Тимофей Тимофеевич наклонил лобастую голову и рассмеялся:

— Ревнив же ты, Алешенька, и легко раним. Космонавтом ты уже прочно стал в тот день, когда было принято решение готовить тебя к старту. А вот кисть не бросай. Очень тебя прошу, не бросай. Ведь полет к Луне, который ты на «Заре» предпримешь, в память твою навек врежется. Шутка ли сказать, — поднял правую руку конструктор. — Ты первым пройдешь по звездной целине к другому небесному телу, выполнишь первый виток вокруг нашего ночного светила. Ты увидишь такие краски, какие не видели ни Куинджи, ни Рокуэл Кент, ни Гойя, ни Репин. Об этих красках всего словами не расскажешь, будь хоть ты Гоголем или Буниным. А вот на полотне… какие чудесные пейзажи ты сможешь нам подарить. Пусть в них не будет мастерства Левитана или Куинджи, но в них будет правда, и она сослужит пользу ученым, конструкторам, космонавтам. Я уже не говорю о широкой публике.

— А я считал, что в наши дни нельзя раздваиваться, что надо выбирать одно, — упрямо повторил Горелов. — А уж если выбрал, то всего без остатка посвящай себя этой профессии.

Тимофей Тимофеевич взял за дужку роговые очки и повертел их перед собой. Алексей насчитал три оборота.

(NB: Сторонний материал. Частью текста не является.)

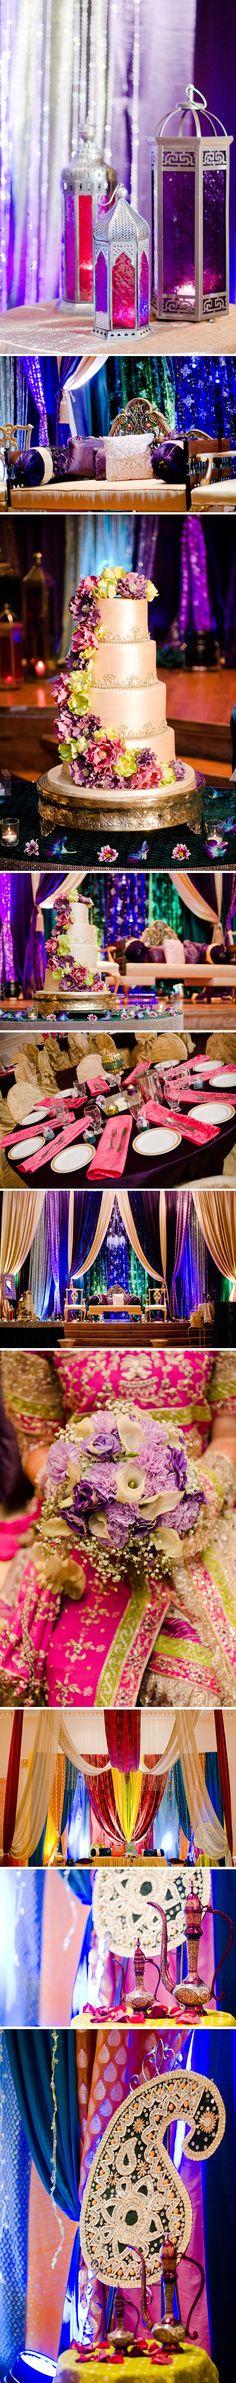 Alexandria, VA Indian Wedding by MnMfoto Desi Wedding, Wedding Stage, Our Wedding, Indian Wedding Decorations, Wedding Themes, Indian Weddings, Wedding Colors, Estilo India, Moroccan Wedding

— Ты что же, ратуешь за электронного человека? — осведомился сердито главный конструктор. — А ты подумал, какой бы ужас свалился на человечество, если бы все мы превратились в электронных людей, напичканных формулами и цифрами, привыкших к программированию? Повернул ручку счетно-решающего устройства: р-раз — и вот тебе готовый ответ — ты, Алексей Павлович Горелов, такого-то года и такого-то месяца женишься на такой-то. Еще одну ленту привел в движение, новый ответ получай: ты в таком-то году совершишь такой-то полет, а в таком-то родится у тебя сын или дочь, либо и то и то сразу. В третий раз ручку повернешь, а машина тебе сухо и страшно объявит: ты умрешь в таком-то году и будешь похоронен на таком-то кладбище. Дети твои проживут на Земле до такого-то года, а потом переселятся на Марс. Ерунда все это, Алеша! Оставим эти забавы на долю фантастов, грамотных и неграмотных. Мы никогда не скатимся в подобное болото цивилизации. К черту! Нам не нужны электронные человечки, которые будут питаться пилюлями и жить на кнопках. В том и прелесть чудесной, природой созданной конструкции, именуемой человеком, что она живая и все живое ей свойственно. Какими бы формулами и сложнейшими расчетами ни была напичкана моя голова, я хочу прежде всего жить и чувствовать. Каждый из нас немножечко эпикуреец. И я в этом смысле не исключение. Люблю, когда обо мне говорят хорошо, и волнуюсь, когда говорят плохо. Мне больно, если вижу, что моему другу тяжело или у меня не клеится какой-то расчет, не так завершена сложная техническая комбинация. Я наслаждаюсь небом или лесом, кричу от радости, вытаскивая из реки какого-нибудь паршивца подлещика, даже этой бутылкой ледяного боржоми, как бы это ни было банально, наслаждаюсь. С человека на Земле многое спрашивается, но ему многое и дано. Человек недолгий пришелец на нашей Земле. Однако важно не то, когда он пришел и когда ушел, а что он после себя оставил.